##================================================================
##
##
## ---- SOME BASICS: HISTORY, NUMBERS, OPERATIONS, FUNCTIONS ----
##
##
## WHY R?
##
## . We need standards -- R is one of them.
## . Huge developer community
## . New stats algorithms appear first as R packages.
## . Growing user community, also in industry
## . Powerful language -- quite different from Python
## . Probably the best language for 'one-shot programming'
## (which comprises much of data analysis)
##
## HISTORY OF R: C --> S --> R
##
## . Where: Bell Labs (C, S)
## . Related: Unix --> Linux, MacOS
##
## R AND OTHER LANGUAGES:
## . R, Python, Matlab are ...
## . C, C++, Java, Fortran are ...
##
## GETTING RSTUDIO:
##
## . Search and install,
## . or see the syllabus for the URL or search 'RStudio'.
## ... right now!
## https://www.rstudio.com/products/rstudio/download/
##
## . NOTE! The instructor does not use RStudio.
## He uses the so-called 'emacs' environment.
## He does not recommend that you use it because
## its learning curve too steep.
##
## GETTING THESE NOTES:
##
## . For now, find the instructor's webpage (search 'buja wharton').
## In the Section on Stat 470/503/770 click on "Chapter 1".
##
## ONLINE SOURCES FOR LEARNING R:
##
## . The 'swirl' package in R
## . Videos on 'youtube'
## . Coursera offerings by Johns Hopkins biostatisticians
## . ...
##
##
##================================================================
##
##
## SOME ANSWERS TO NATURAL QUESTIONS:
##
## - The basic work cylce in RStudio:
##
## . Edit an R code file with extension ".R" in the upper left
## pane of RStudio (Files > Open File > .... or ctrl-O)
## The present chapter file is indeed an R code file,
## but it also contains a lot of non-executable text called 'comments'.
##
## . Copy/paste code lines from the editor pane (upper left pane)
## into the R console (lower left pane) and execute them.
## Instructions for doing this efficiently are given below.
##
## - Q: Why is this file a crude text file?
## What do the hash marks do at the beginning of the lines?
##
## A: All R code files are essentially txt files without formatting.
## The .R extension tells RStudio and some editors to use
## syntax highlighting.
##
## Any content in a line that follows a hash sign is
## NOT interpreted as code but as mere comment.
## If you type or copy lines with hashes at the beginning
## into an R interpreter/console, nothing gets computed, just copied back.
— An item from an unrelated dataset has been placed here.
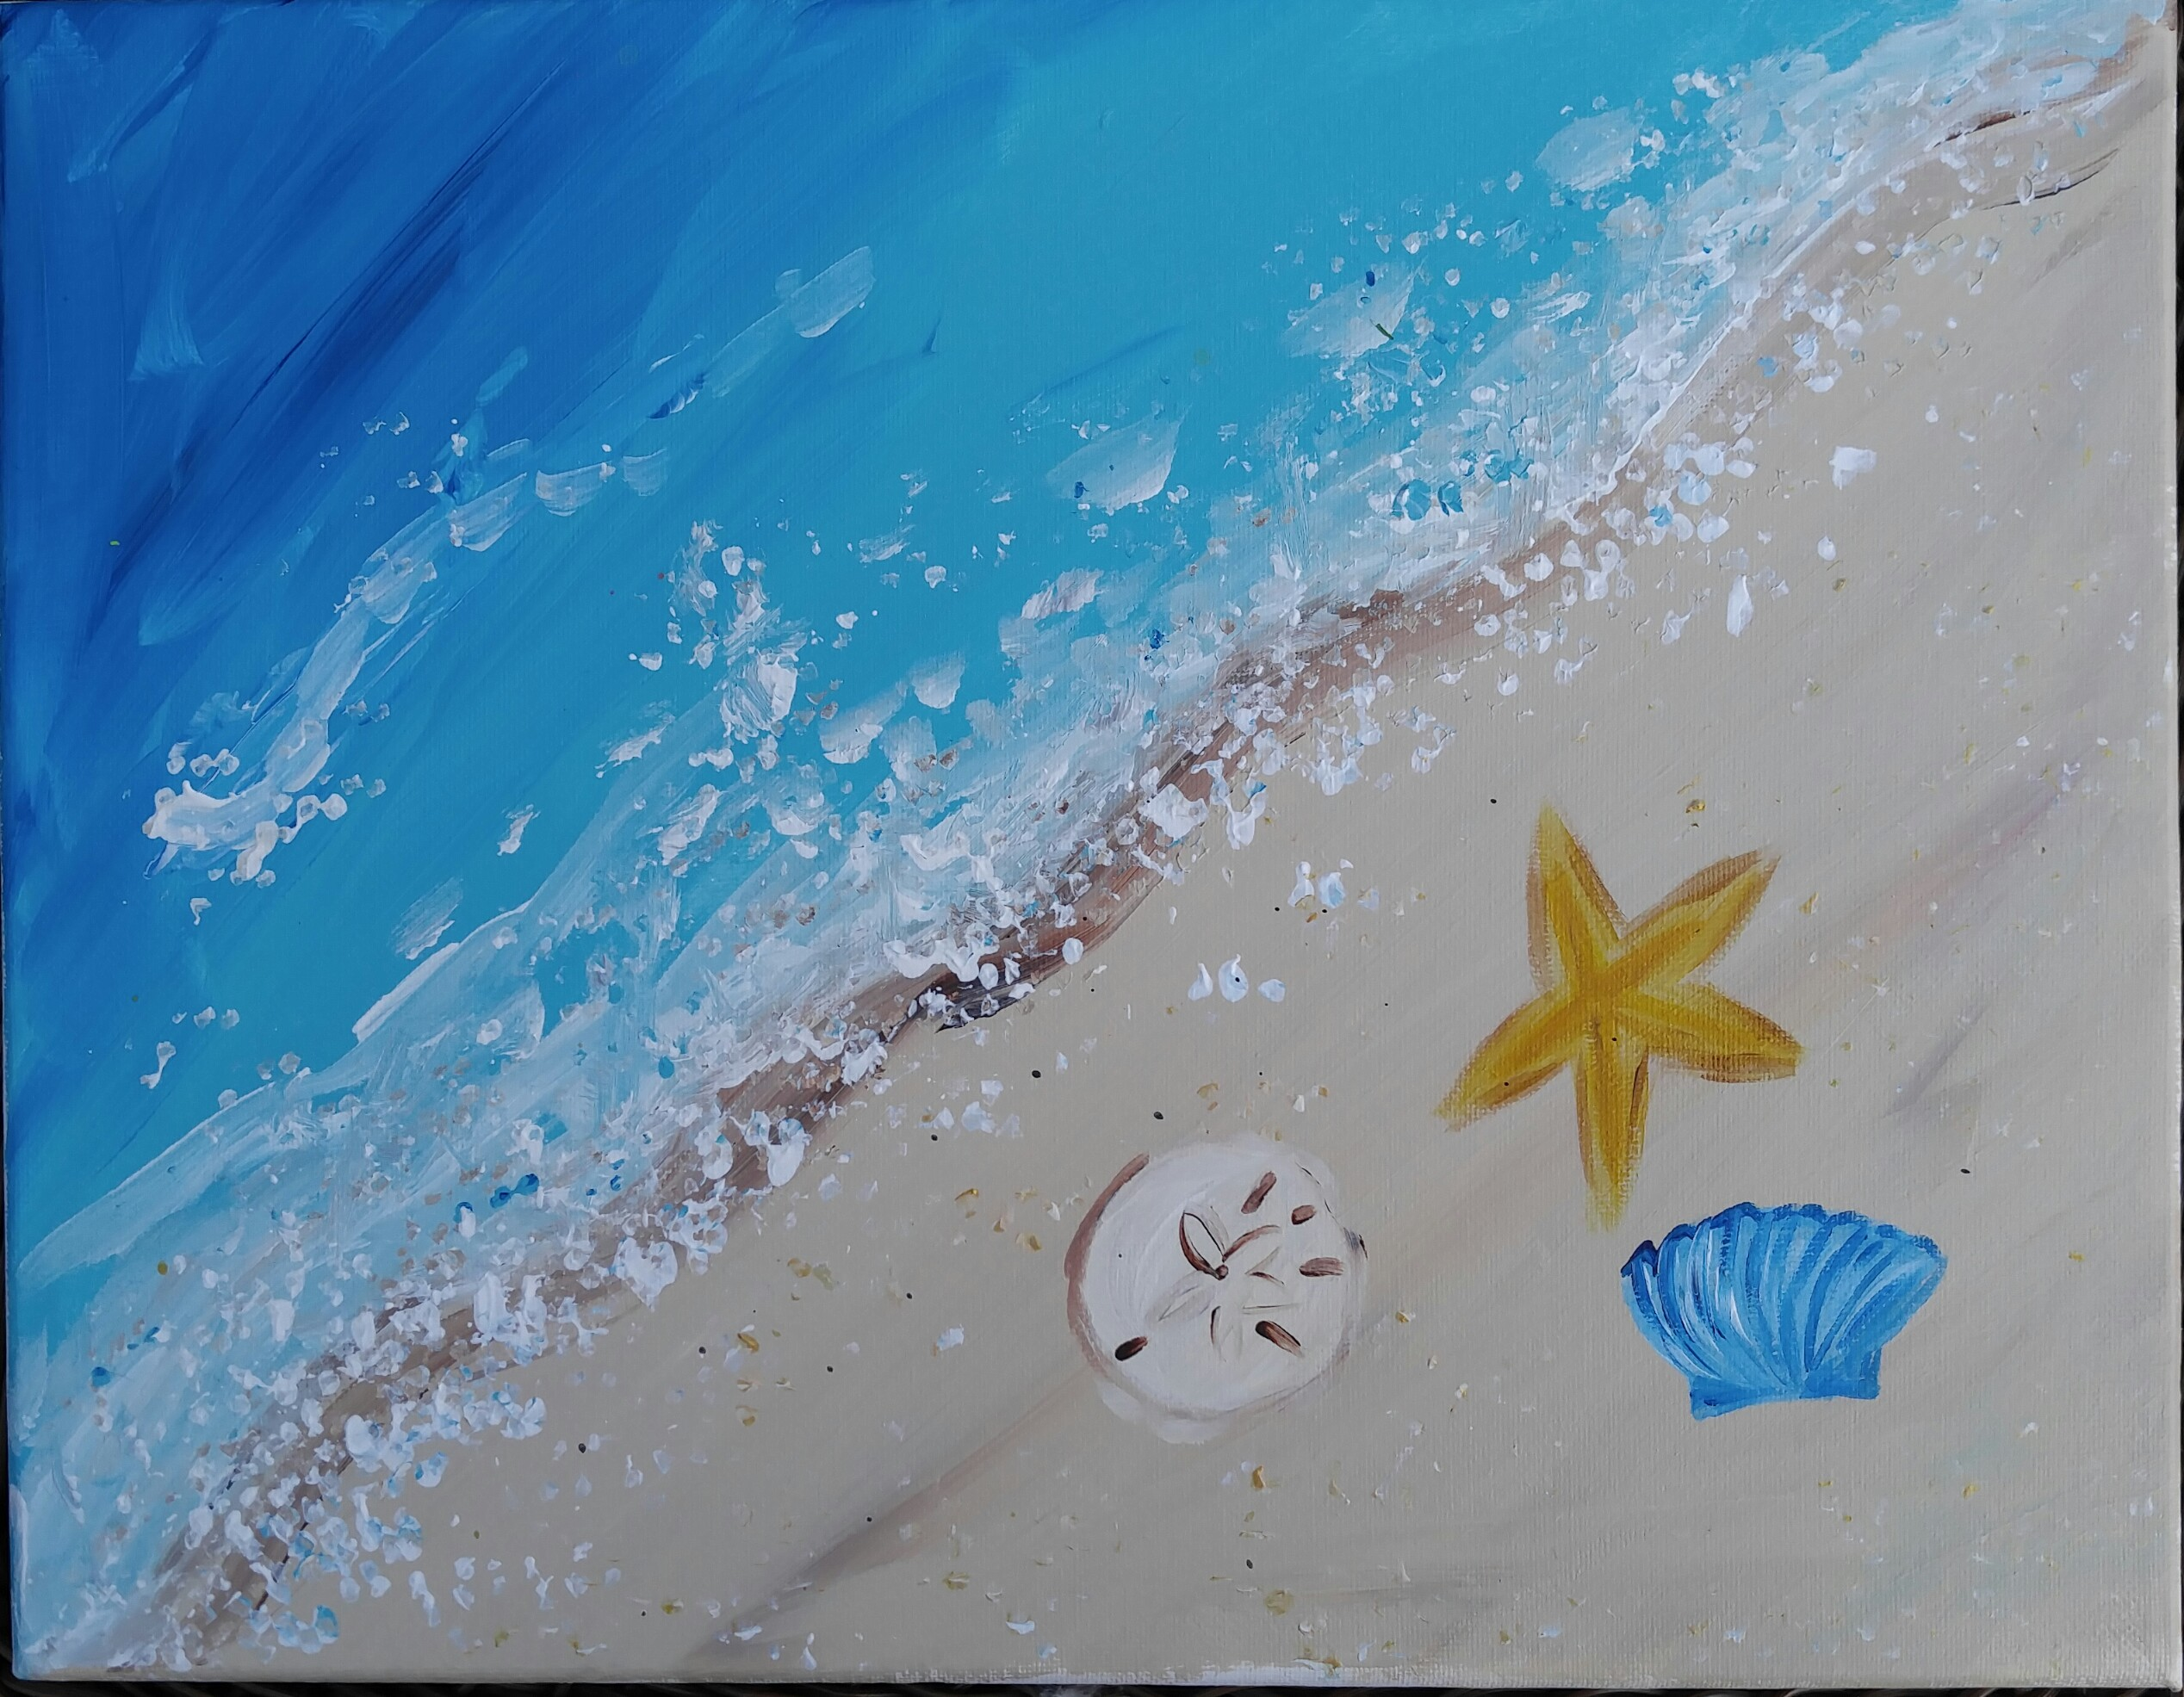 BEACH AND SEASHELLS

## Anything before a hash is interpreted as code,
## and when typed or copied into an R interpreter/console,
## R will try to compute something.
## AYT? What is code and what is comment in the following line?
10+20 # Some calculation...
## Syntax highlighting shows the difference between code and comment.
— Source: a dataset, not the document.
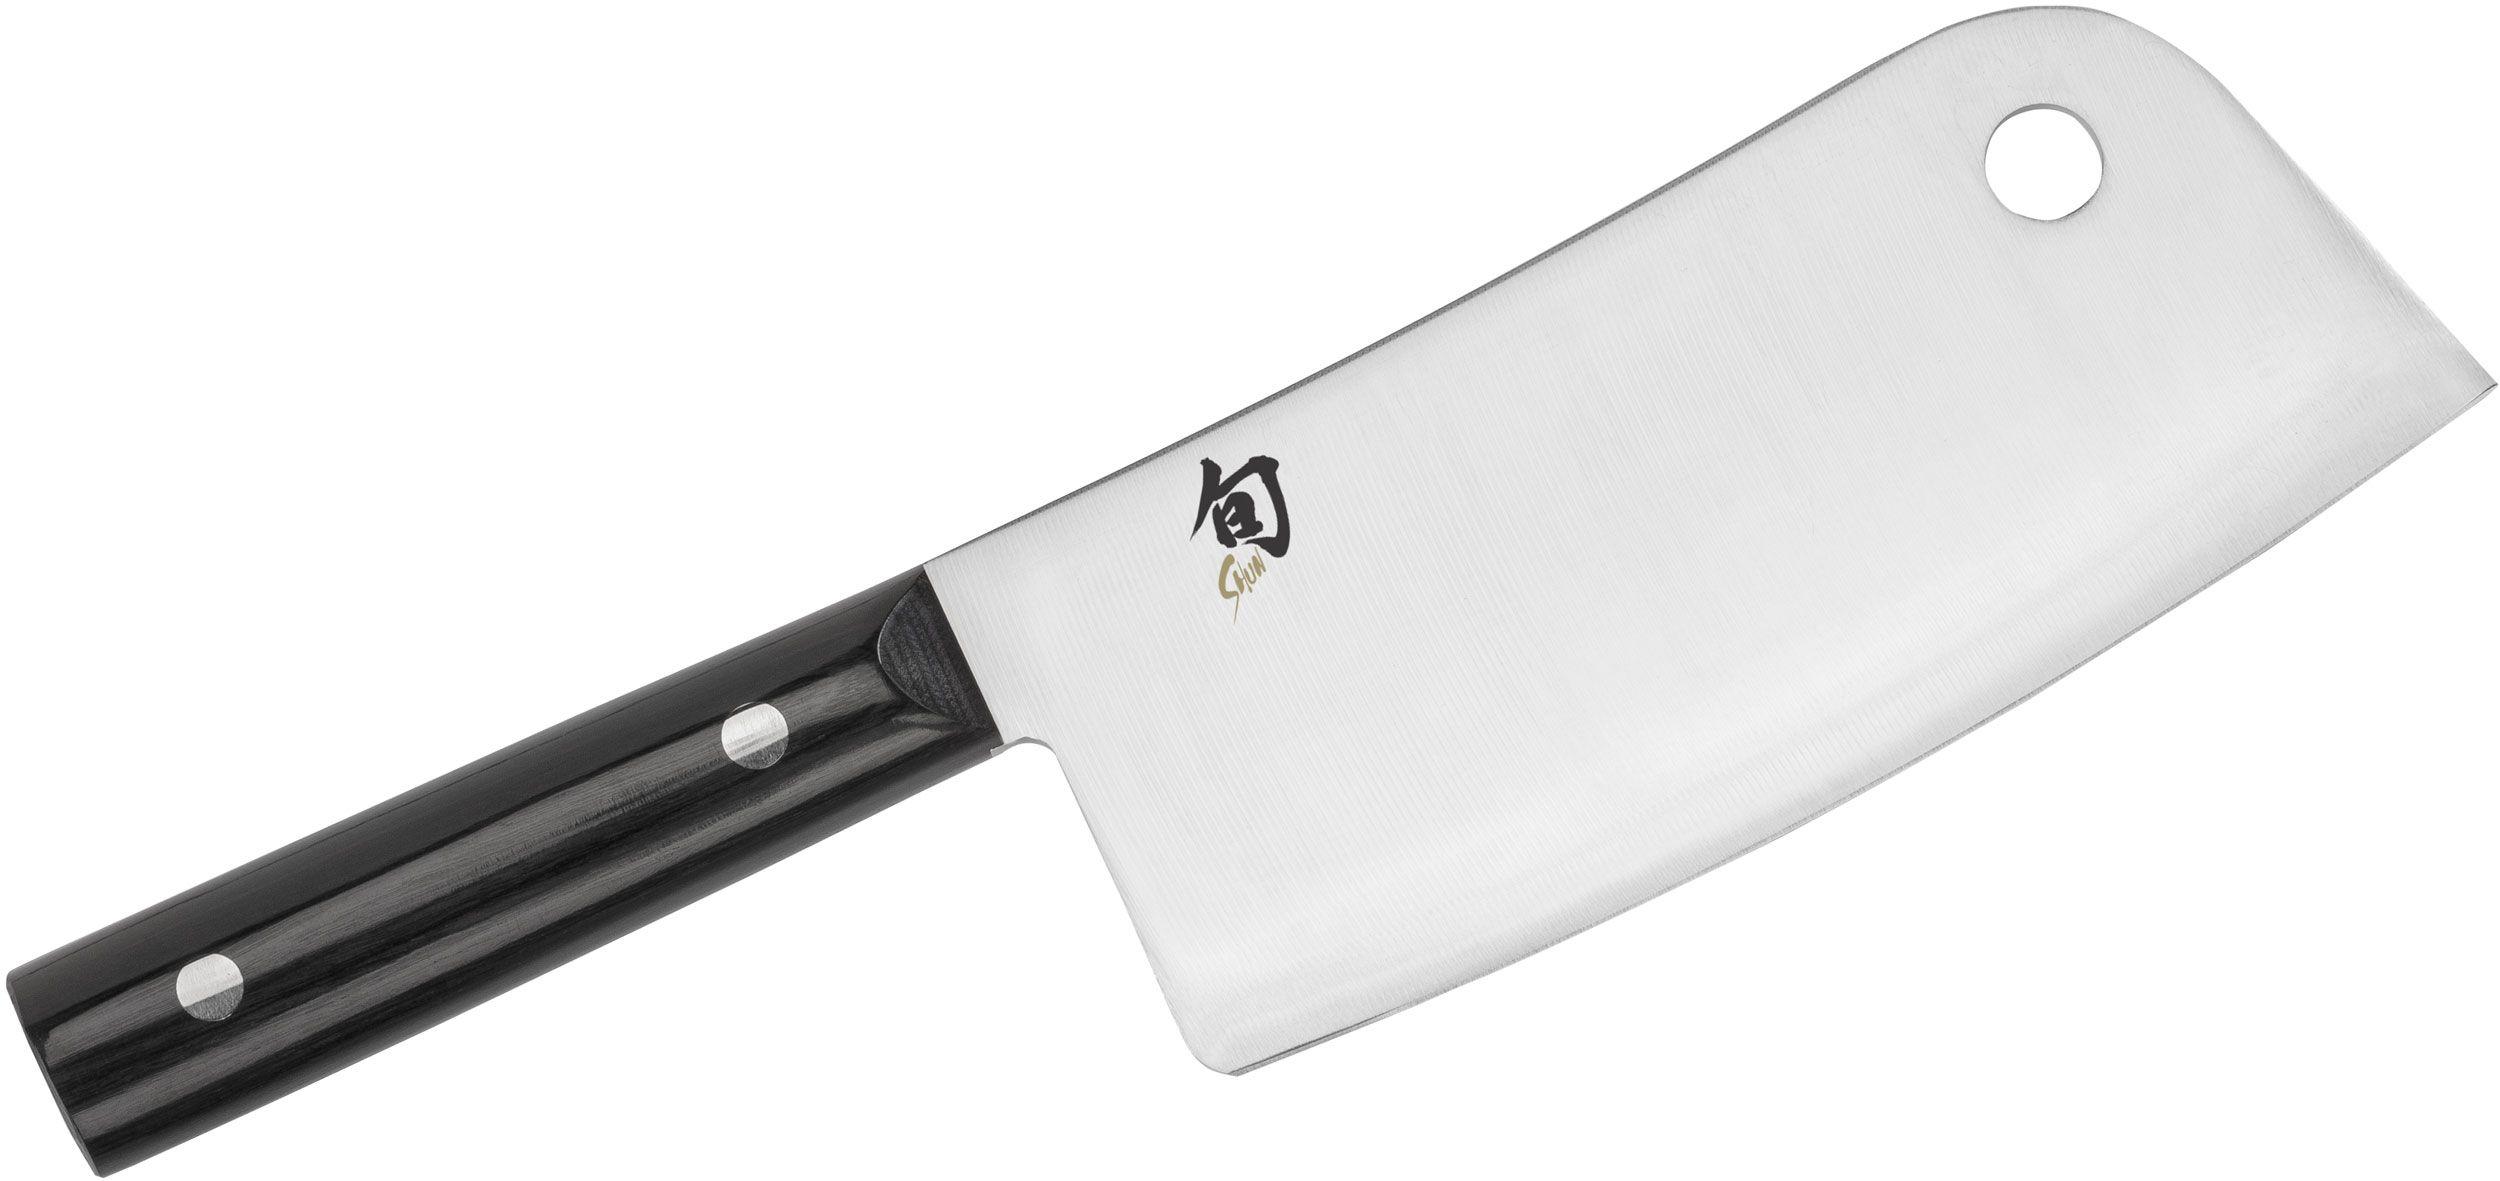 Shun DM0767 Classic Meat Cleaver 6 inch Blade, Pakkawood Handles

## The color scheme in RStudio will be different from the instructor's.
## You can choose your own scheme as follows:
## Tools > Global Options... > Appearance
## Then play with fonts, font sizes and editor themes.
## Finally, click "Apply" or "Cancel".
##
## - Q: Isn't there a more convenient way to copy/paste a line of code
## into the R interpreter/console?
##
## A: There is!
## Place the pointer on the code line and hit
## ---------------------
## | Ctrl-Enter | Windows !!!!!!!!!!!!!!!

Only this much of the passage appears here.